Rehabilitation of Offenders Committee Chairman Paul Farquharson said yesterday that the committee is working “expeditiously” to review applications of first time, young offenders who are seeking to clear their criminal records.
Farquharson said the group is reviewing applications as well as a backlog of applications that was given to them by Minister of National Security Marvin Dames.
The committee’s function is to review applications of first time and young offenders, who are defined as individuals under the age of 21 at the date of conviction.
The committee will hear applications to all offenses excluding manslaughter, murder, treason, armed robbery, rape and kidnapping.
It can expunge records for offenders convicted of possession of dangerous drugs with intent to supply if the offender was found with a quantity of less than 10 pounds of Indian hemp, two pounds of cocaine or 20 grams of opium morphine and its salts including heroin.
On Sunday, Prime Minister Dr. Hubert Minnis said he supports “expunging the records of Bahamians convicted of possession of small amounts of marijuana”.
When contacted yesterday, Farquharson said, “I think the prime minister is right, in my humble opinion, that persons who have been incarcerated or arrested and have a record for minor amounts of marijuana, those records should be expunged.
“I am in total agreement of that.”
He added, “We hope to deal with [the applications] expeditiously, for some of these matters have been around for 30, 40 years.”
Farquharson, a former commissioner of police, said while the committee has received applications across the board for all types of offenses, the majority of applications have been for “minor matters connected with marijuana”.
“Those applications will be dealt with expeditiously by the committee,” he said.
“There are three reports that we have to get before those matters are expunged.
“One from the prison; one from the police and one from social services.
“We will deal with them on receipt of those reports.

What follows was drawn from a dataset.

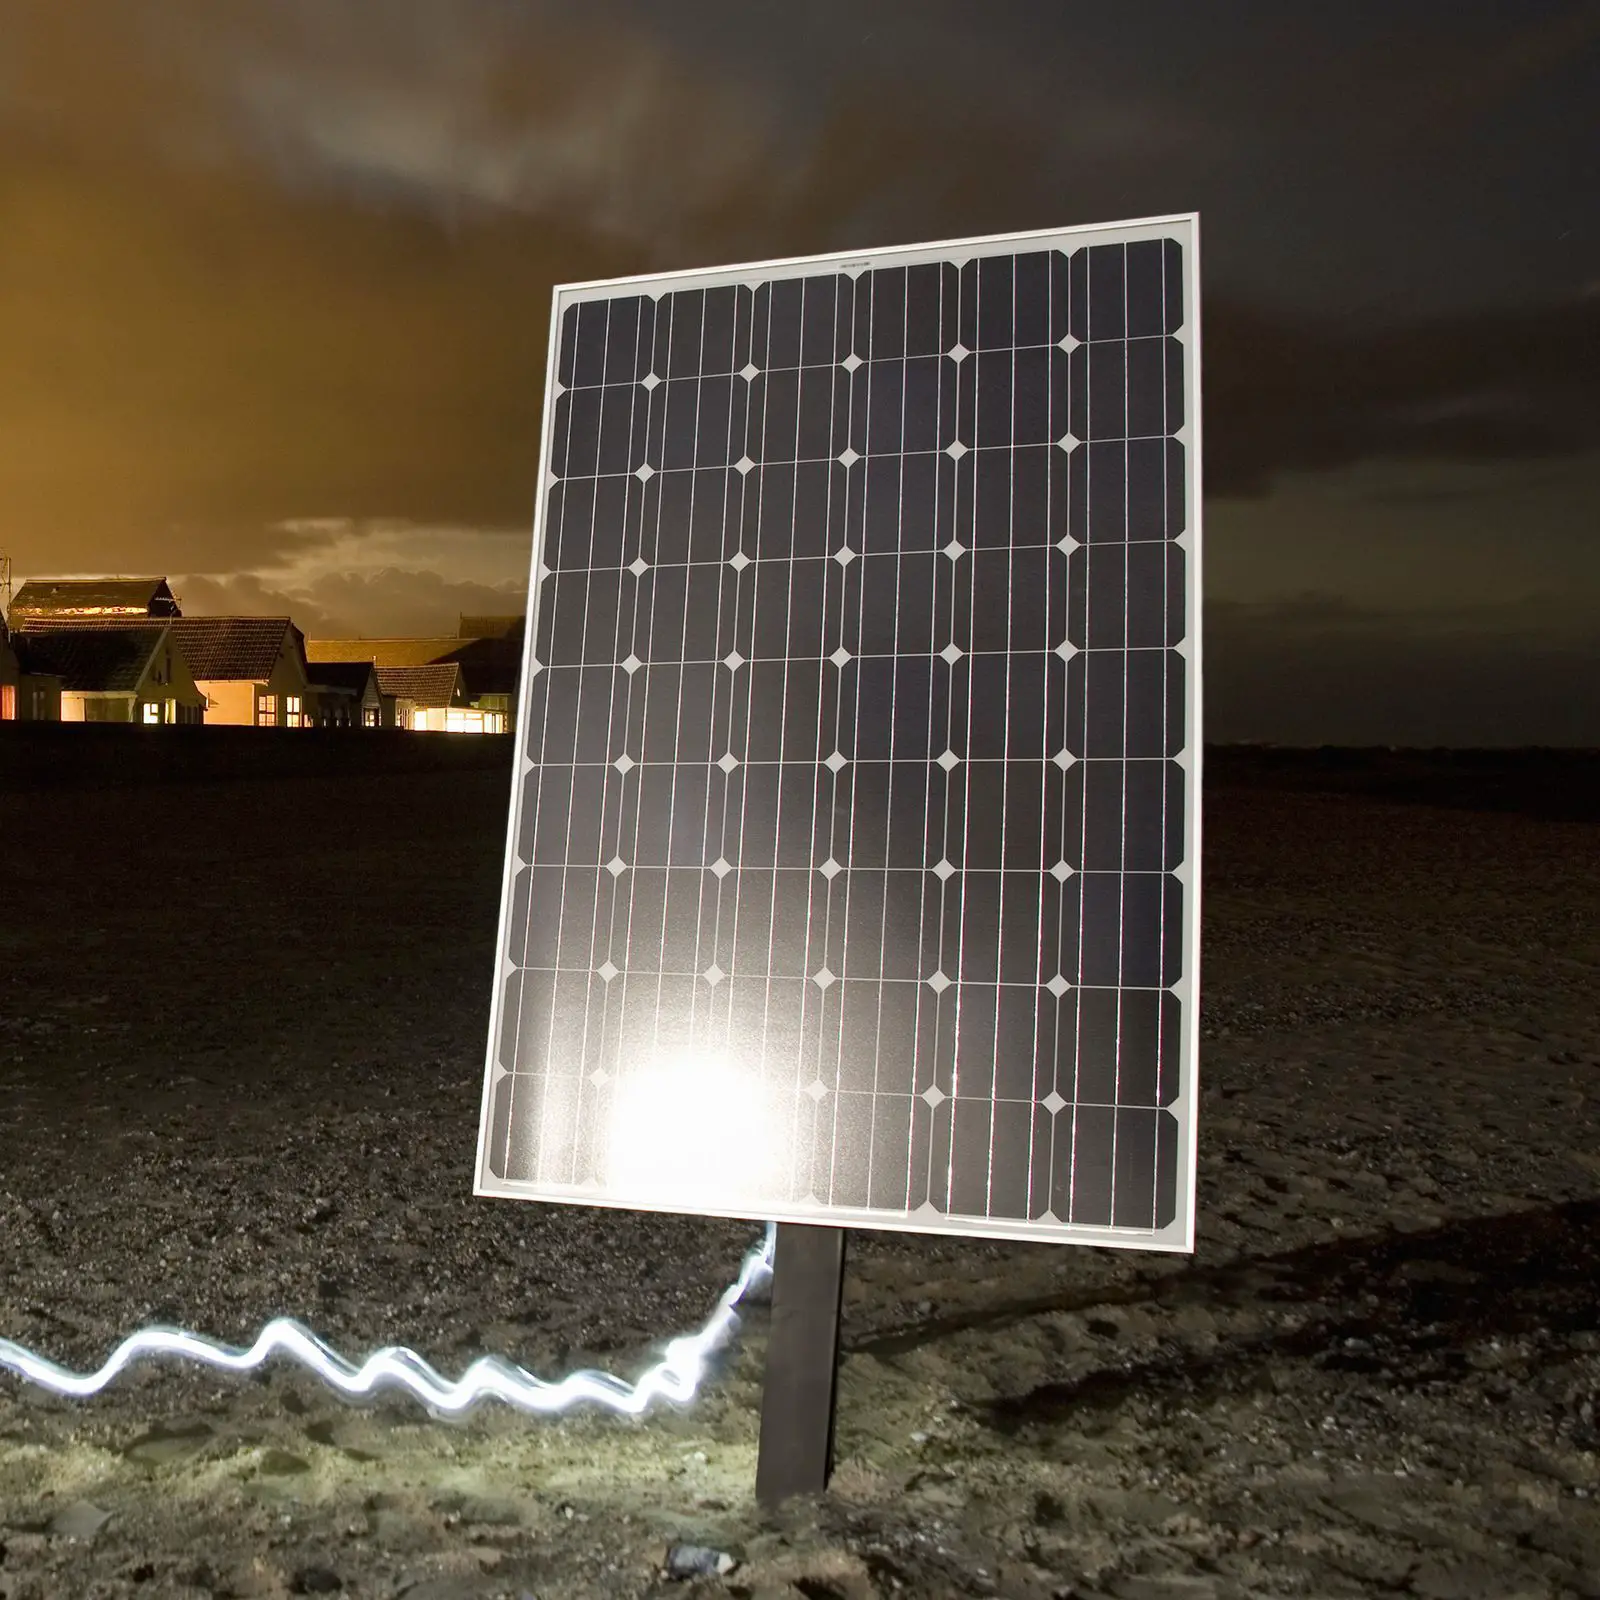 How Reverse Solar Panels Could Generate Power at Night

We compile the applications and we send them out for reports and then we deal with them and make a recommendation to the minister.
“The minister can either approve them or reject them, under the law.”
The committee was approved by Cabinet this year and was set to commence work in September.
“Well, from where I sit, I think it was about three or four days after the committee [was established], I had a number of persons who personally called me,” Farquharson said.
“I don’t know how they got my number but they did, and most of those persons who called me were charged for [m]inor matters connected with marijuana.
“But remember now, this amendment act deals with all offenses – first time offenses and young people. That is what the law says and that is the guideline for the committee.”
When asked how many applications were in the backlog, Farquharson could not give an amount.
The Rehabilitation of Offenders (Amendment) Act, 2015 was gazetted on November 24, 2015. According to the legislation, after five years, first time offenders and young offenders are able to apply for the removal of their criminal records.
The Bahamas National Commission on Marijuana is expected to submit its preliminary report to the government at the end of the month.
Co-Chair Quinn McCartney has suggested that the commission will likely follow the lead of other Caribbean countries on the issue of decriminalizing marijuana, noting that there won’t be “any great surprises”.